Faleh Hassan Almaleki, 50, also was convicted of aggravated assault for injuries suffered by the mother of his daughter's boyfriend during the October 2009 incident in a suburban Phoenix parking lot, and two counts of leaving the scene of an accident.
Maricopa County prosecutors told jurors during the trial that he mowed down Noor Almaleki, 20, with his Jeep Cherokee because he believed she brought dishonor to the family. He had wanted her to be a traditional Iraq woman, while she refused an arranged marriage, went to college and had a boyfriend.
The case brought nationwide outrage after prosecutors deemed it an "honor killing."

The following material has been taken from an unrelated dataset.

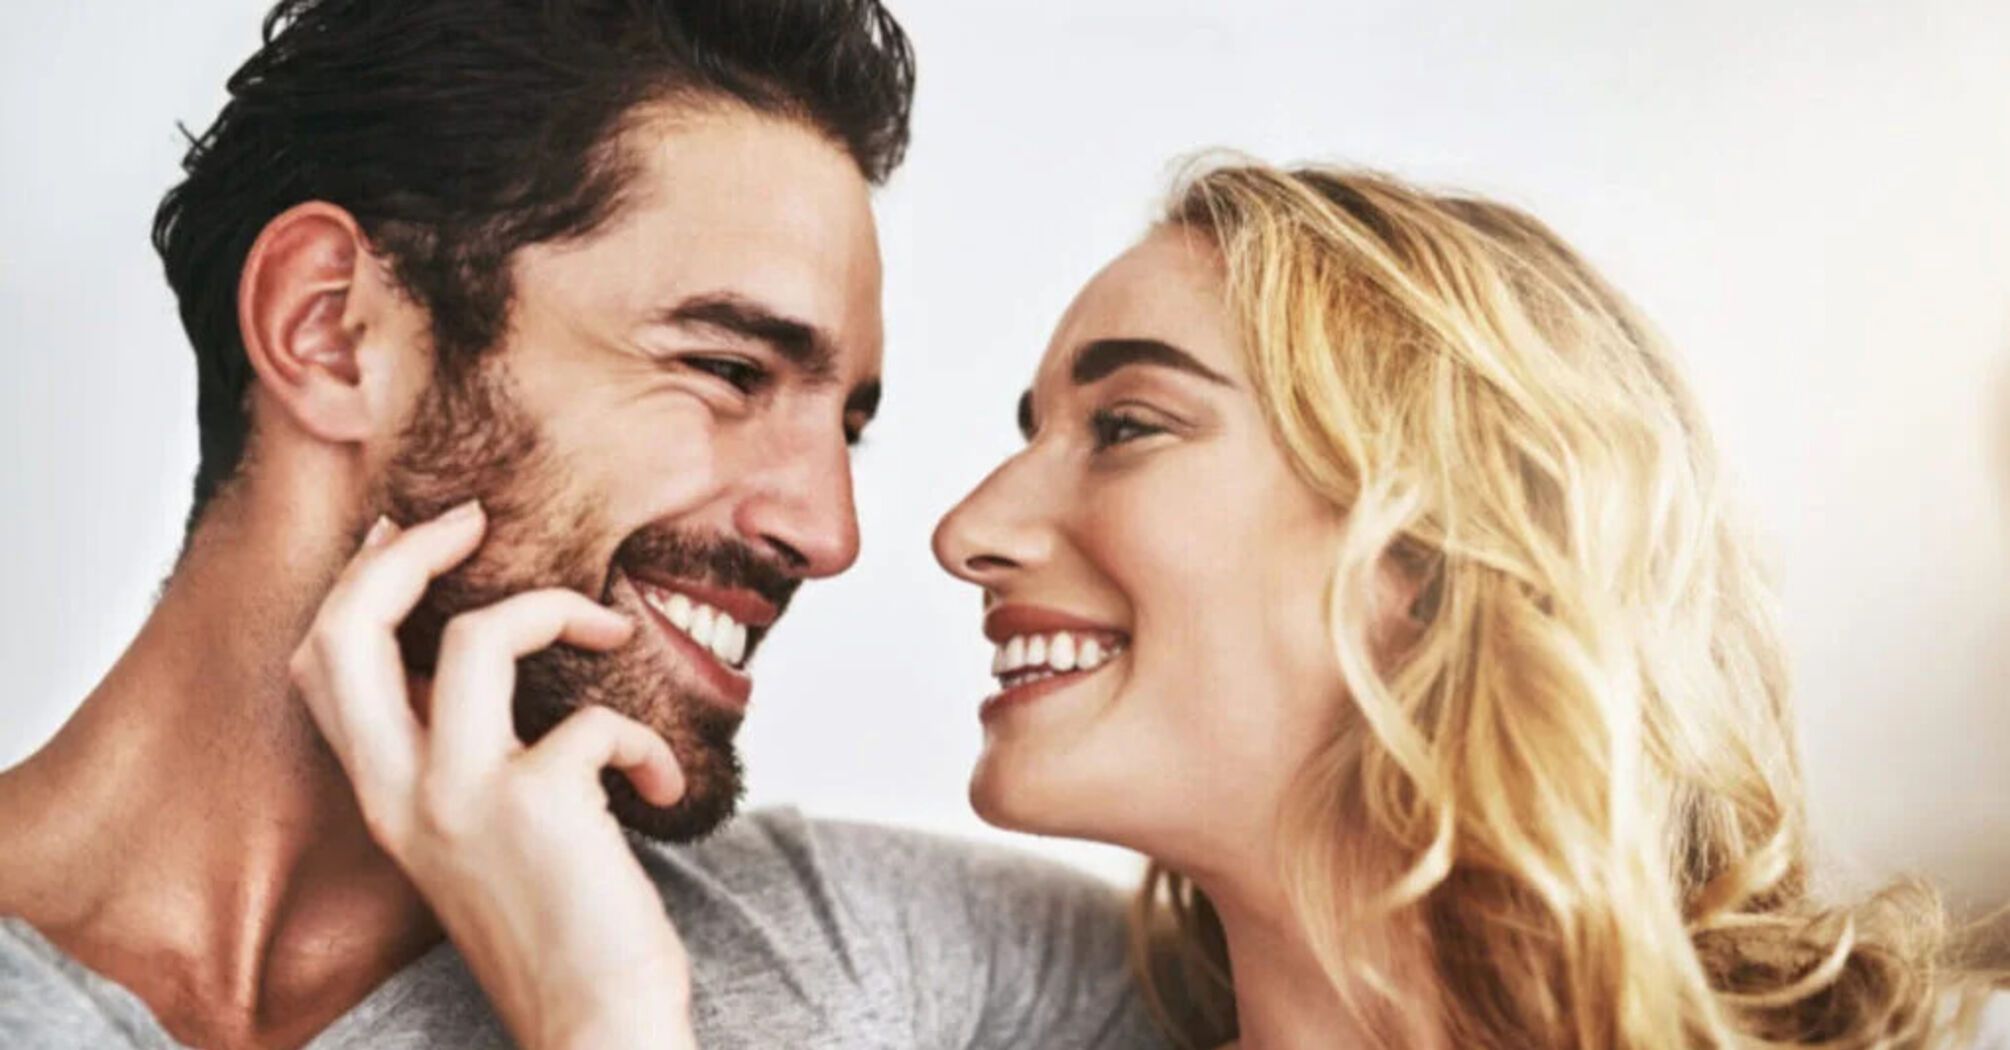 8 unique qualities that make women emotionally attractive to men

Defense lawyers called Noor's death and the severe injuries to Amal Khalaf an accident. They say he only wanted to spit on the older woman, who Almaleki thought helped his daughter stay away from her family. Khalaf had taken Noor in several times after she left home between 2007 and 2009, and that was a cause of increasing friction between the families.
A detective testified that Almaleki acknowledged under questioning by police that he intentionally ran her over. But the transcript of the taped interview showed he repeatedly called the incident an accident. Khalaf also testified during the four-week trial, saying he ignored her screams to stop before he struck her and then ran down Noor.
The defense called no witnesses. They argued for a lesser charge, saying Almaleki made a split-second decision that he should be held accountable for but that he did not intend to kill anyone.
His lawyer said during opening statements that the truck driver from southern Iraq was angry at the older woman, and he was trying to drive by and spit on her when she jumped in front of his Jeep.
He swerved, but could not avoid accidentally hitting her and running over his daughter, his lawyer said.
Almaleki, who wore headphones as he listened to an interpreter, showed little emotion when the jury read the verdict.
The court was scheduled to convene Wednesday to hear testimony from Khalaf on the aggravated assault conviction. She remained composed Tuesday as the verdict was read and declined reporters' request for comment, as did prosecutors.
Defense attorneys said in a written statement that they were "pleased the jury took the time necessary to consider all of the evidence in this important case," but declined further comment.
The incident happened on Oct. 20, 2009, outside a state Department of Economic Security office in the west Phoenix suburb of Peoria. Noor had gone with Khalaf to interpret and the women were waiting to be helped when Faleh Almaleki came into the office.
He left after a short time, and Khalaf said she was worried he might do something violent toward Noor, so she drove around the parking lot to make sure he had left. She testified that she was so nervous, she locked her keys in her van and had to call her son to bring another set.
They left the office to go to a nearby restaurant when the Jeep bore down on the women.
Almaleki fled to Mexico and then London, where he was detained and then returned to the U.S.